= TRY IT =
Give all of the listing again word for word, with images excluded.

= COLLECTED DATA =
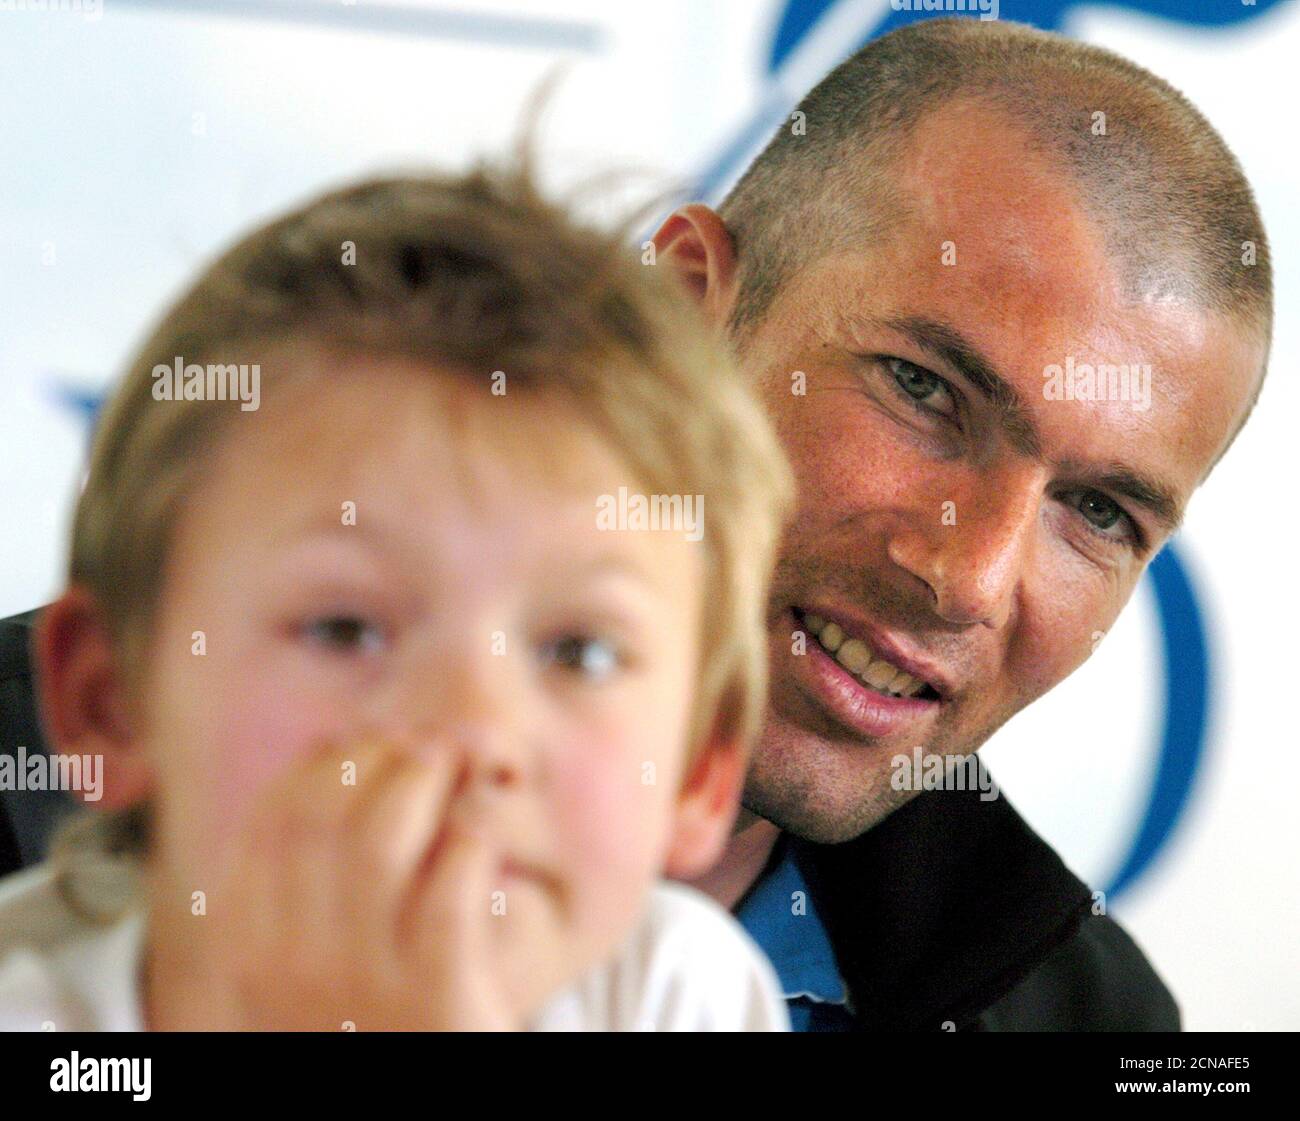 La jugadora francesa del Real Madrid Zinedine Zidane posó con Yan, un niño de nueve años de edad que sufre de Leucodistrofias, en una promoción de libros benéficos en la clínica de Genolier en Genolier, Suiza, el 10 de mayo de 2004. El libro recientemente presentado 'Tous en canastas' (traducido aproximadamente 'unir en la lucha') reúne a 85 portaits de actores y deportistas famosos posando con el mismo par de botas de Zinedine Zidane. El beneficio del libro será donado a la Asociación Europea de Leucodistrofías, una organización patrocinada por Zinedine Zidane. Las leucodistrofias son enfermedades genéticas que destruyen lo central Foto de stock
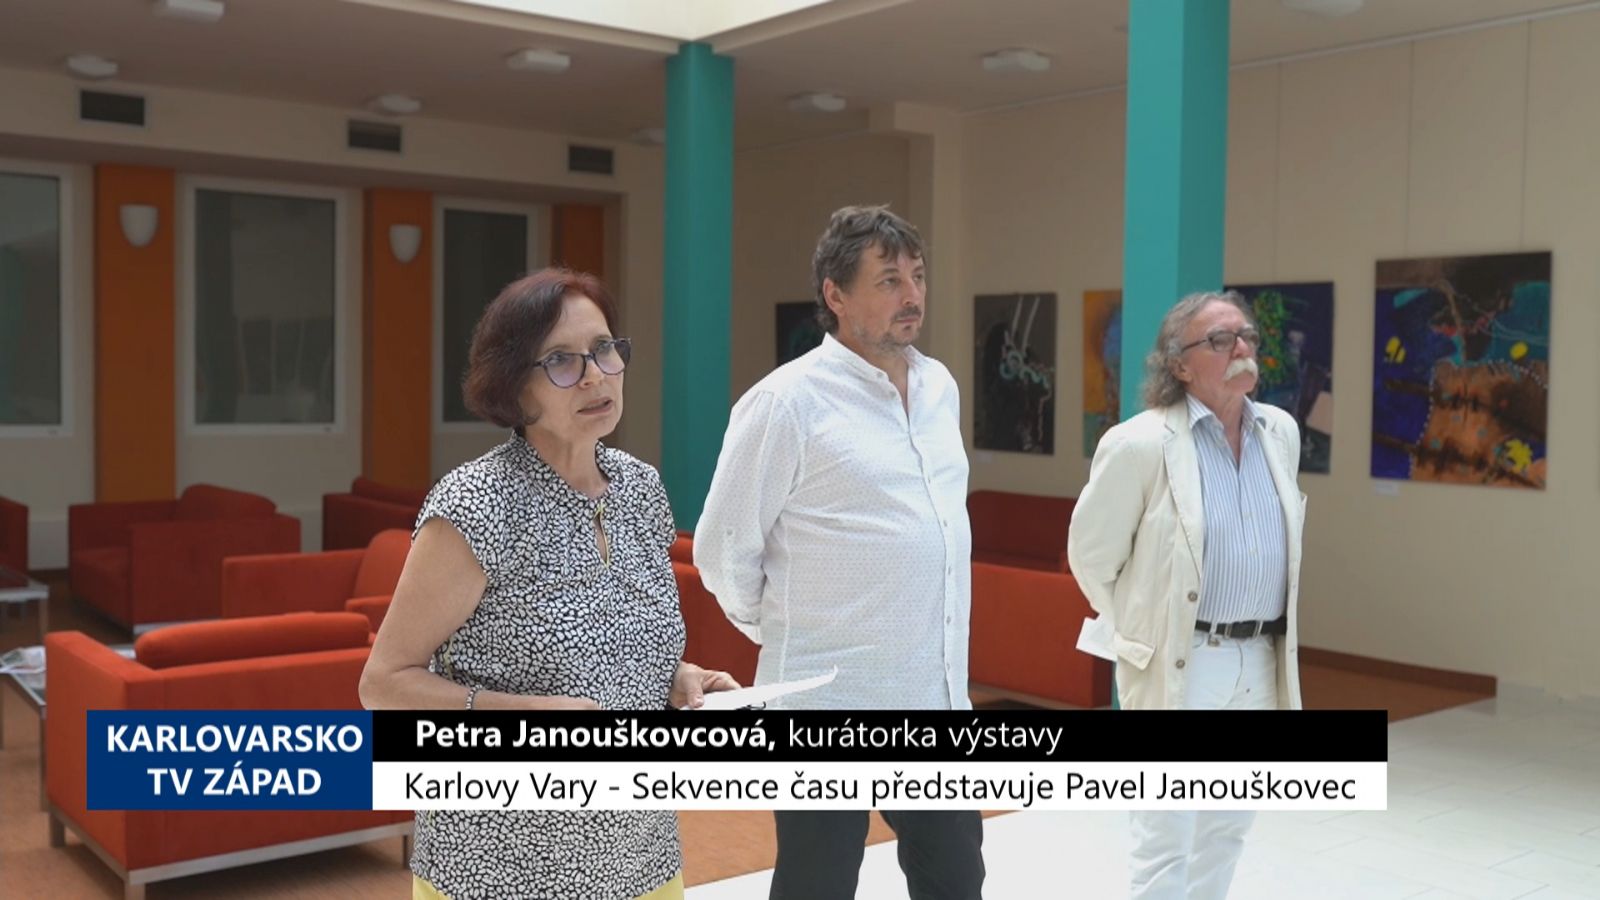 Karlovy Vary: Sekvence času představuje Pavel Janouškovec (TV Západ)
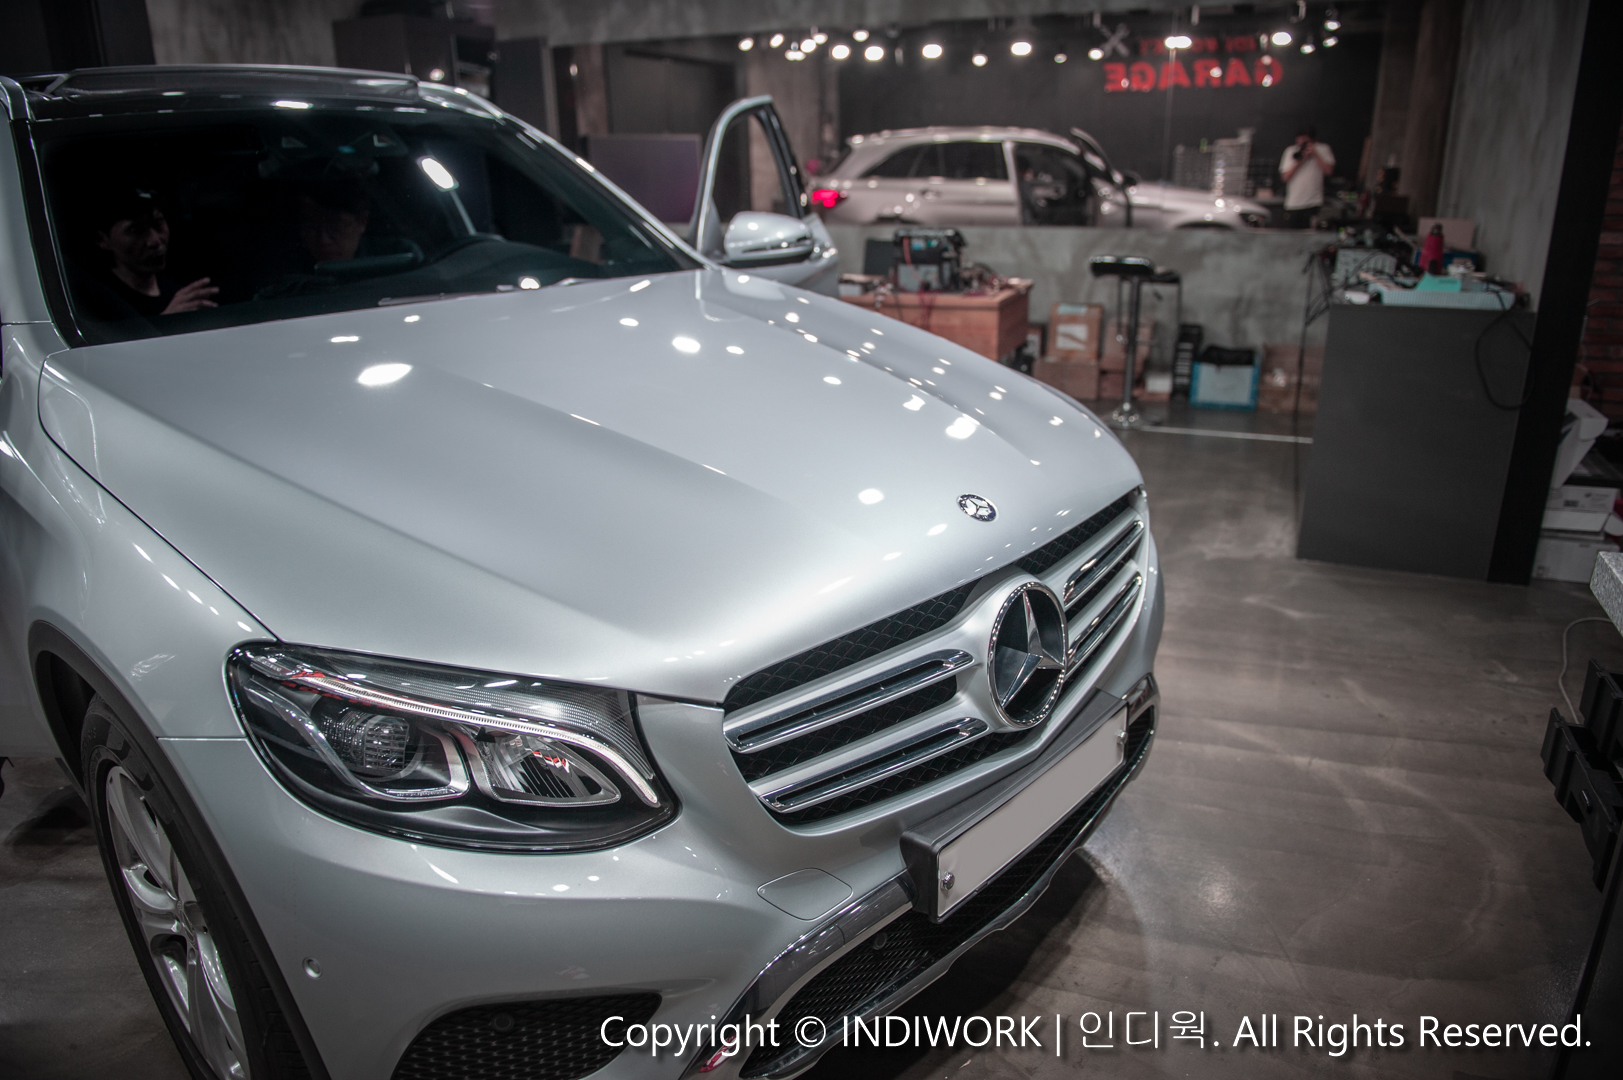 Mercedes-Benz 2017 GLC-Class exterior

= EXERCISE SOLUTION =
 La jugadora francesa del Real Madrid Zinedine Zidane posó con Yan, un niño de nueve años de edad que sufre de Leucodistrofias, en una promoción de libros benéficos en la clínica de Genolier en Genolier, Suiza, el 10 de mayo de 2004. El libro recientemente presentado 'Tous en canastas' (traducido aproximadamente 'unir en la lucha') reúne a 85 portaits de actores y deportistas famosos posando con el mismo par de botas de Zinedine Zidane. El beneficio del libro será donado a la Asociación Europea de Leucodistrofías, una organización patrocinada por Zinedine Zidane. Las leucodistrofias son enfermedades genéticas que destruyen lo central Foto de stock
 Karlovy Vary: Sekvence času představuje Pavel Janouškovec (TV Západ)
 Mercedes-Benz 2017 GLC-Class exterior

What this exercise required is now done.